→ **WORK TO BE COMPLETED**: Without the images, repeat every line of the listing exactly.

→ **DATA SECTION**:
--- START ---

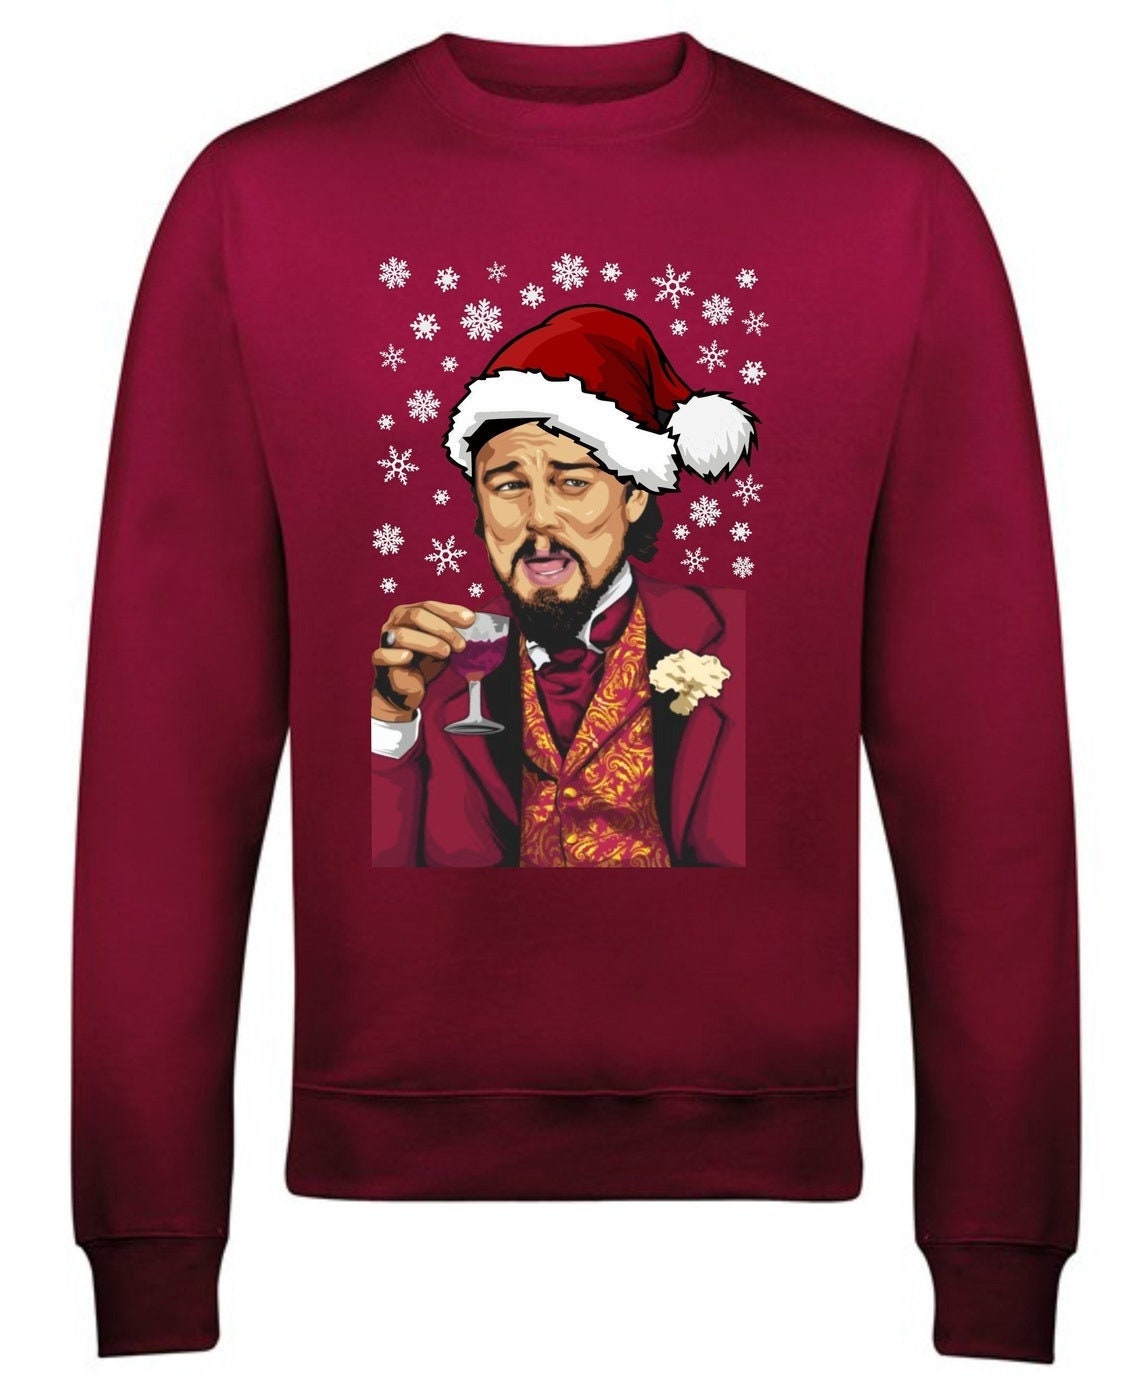 Discover Leonardo Laughing Meme Christmas Jumper Dicaprio Xmas Sweater
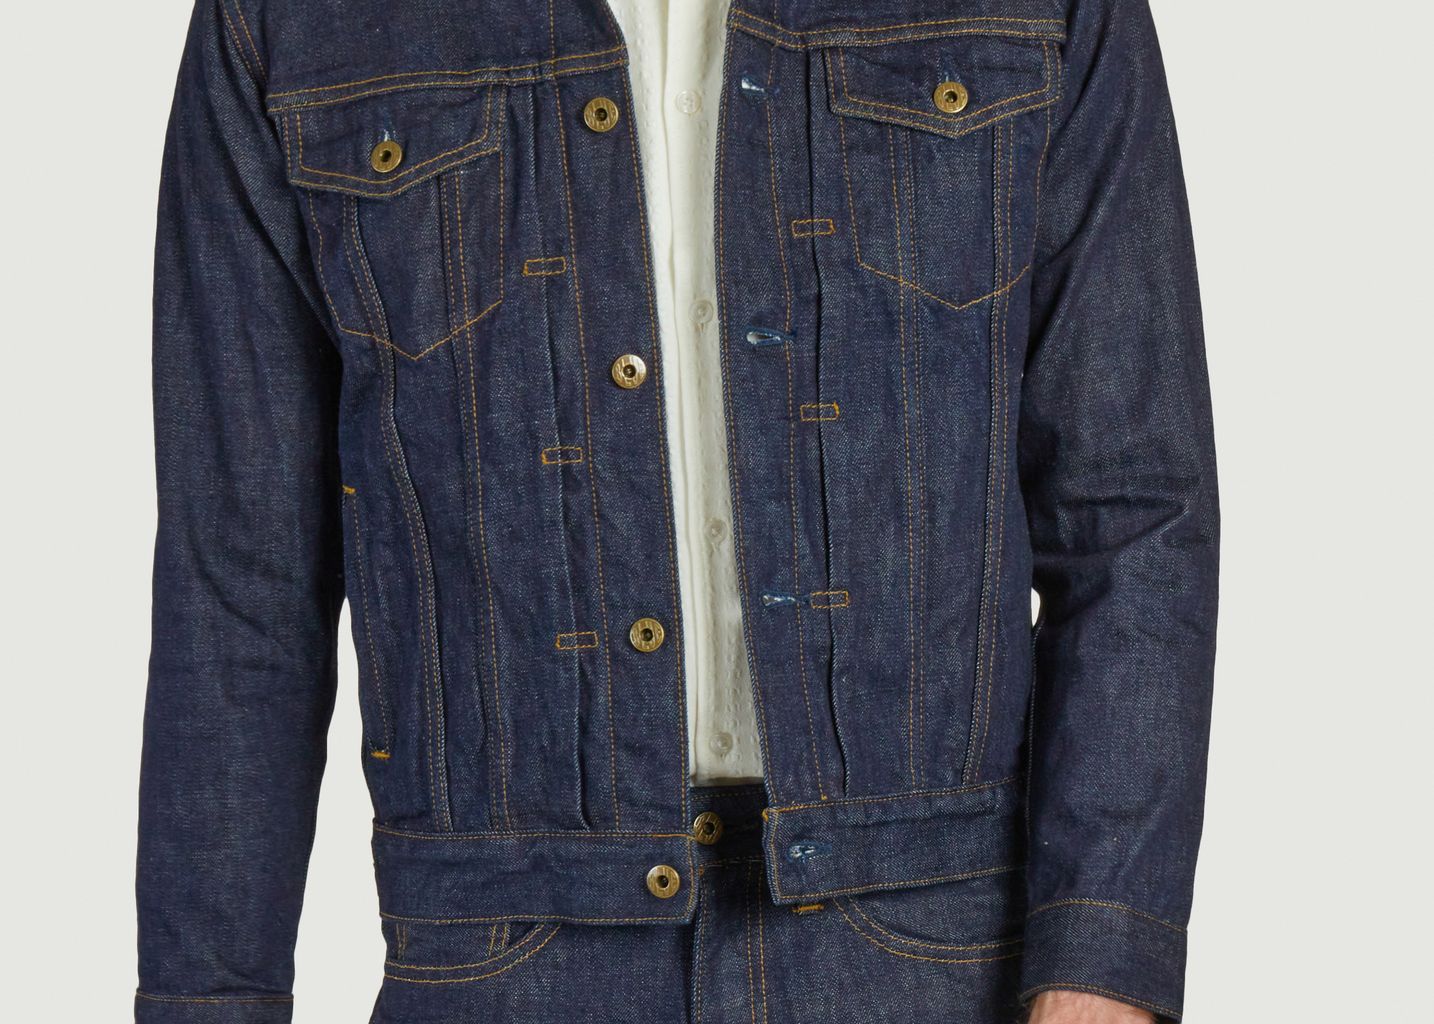 Jean jacket 12.5oz type 4 - Japan Blue Jeans
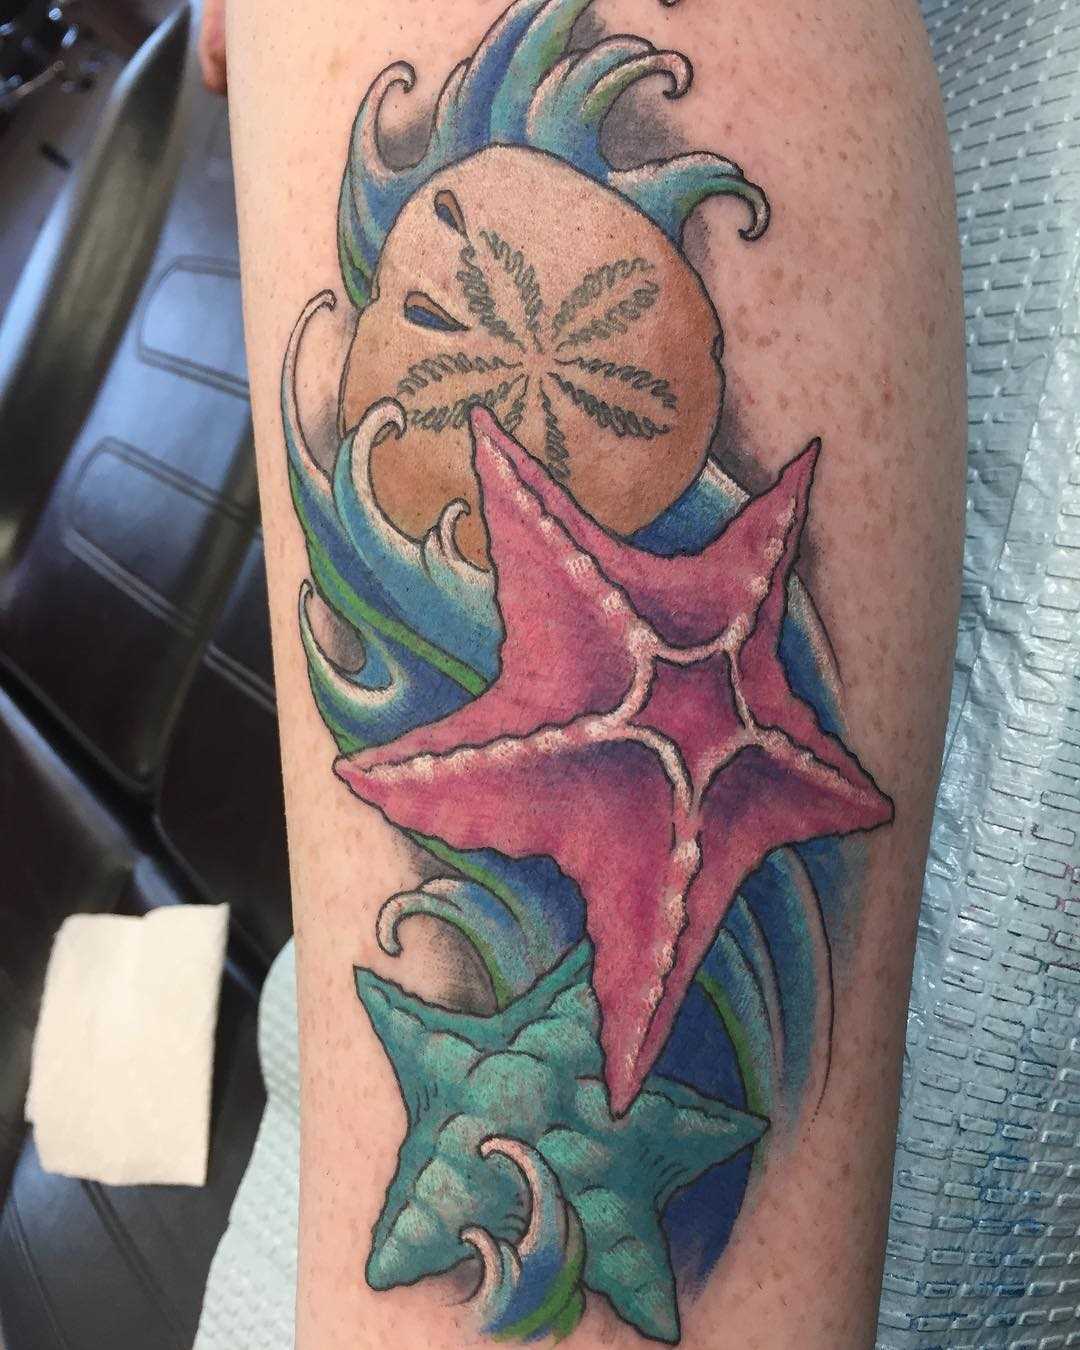 Linda tatuagem de estrelas do mar sobre a perna da menina
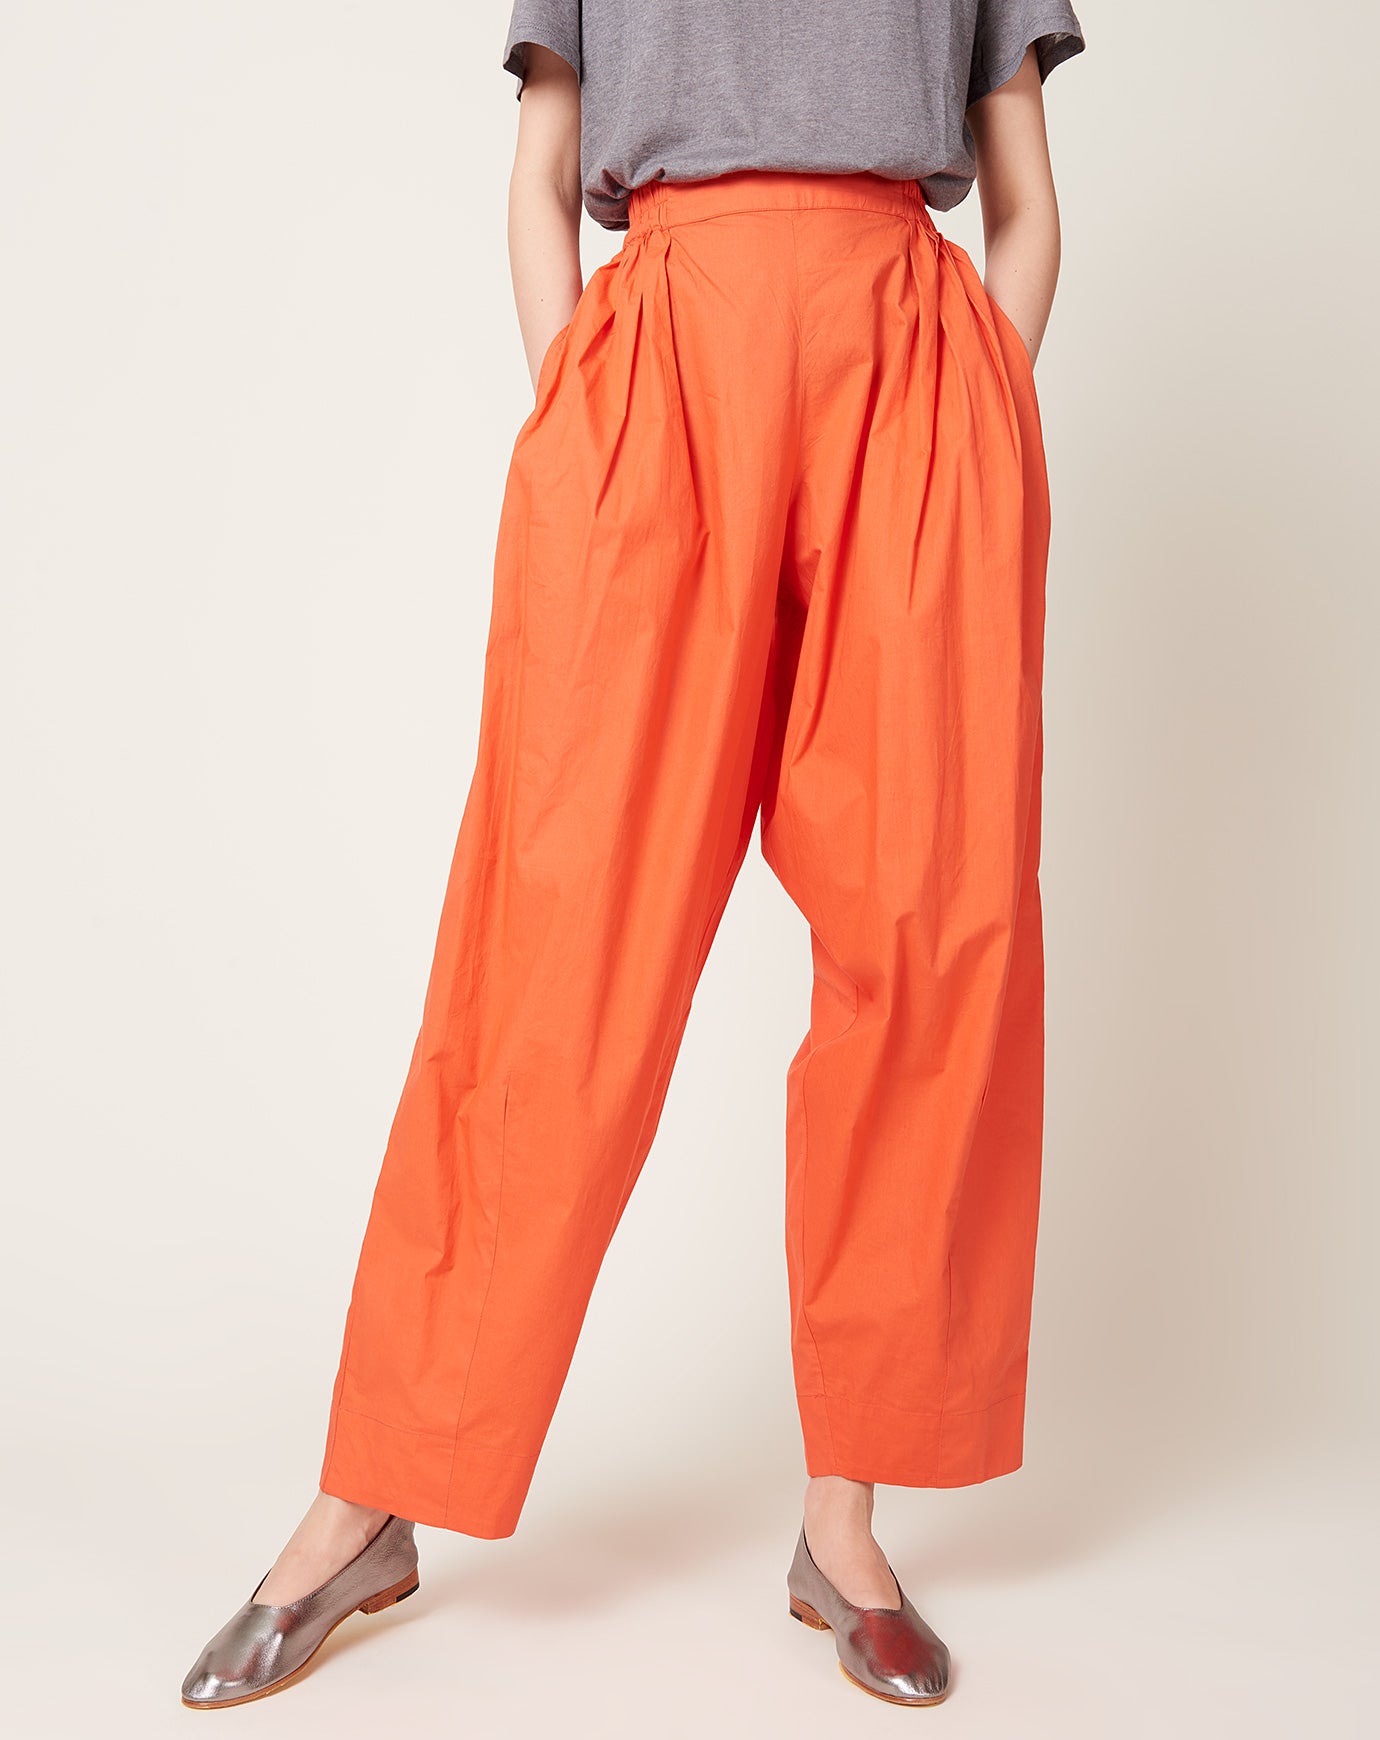 Anaak Jai Pleated Pants in Rouge Orange

--- END ---

→ **RESULT FOR THIS TASK**:
 Discover Leonardo Laughing Meme Christmas Jumper Dicaprio Xmas Sweater
 Jean jacket 12.5oz type 4 - Japan Blue Jeans
 Linda tatuagem de estrelas do mar sobre a perna da menina
 Anaak Jai Pleated Pants in Rouge Orange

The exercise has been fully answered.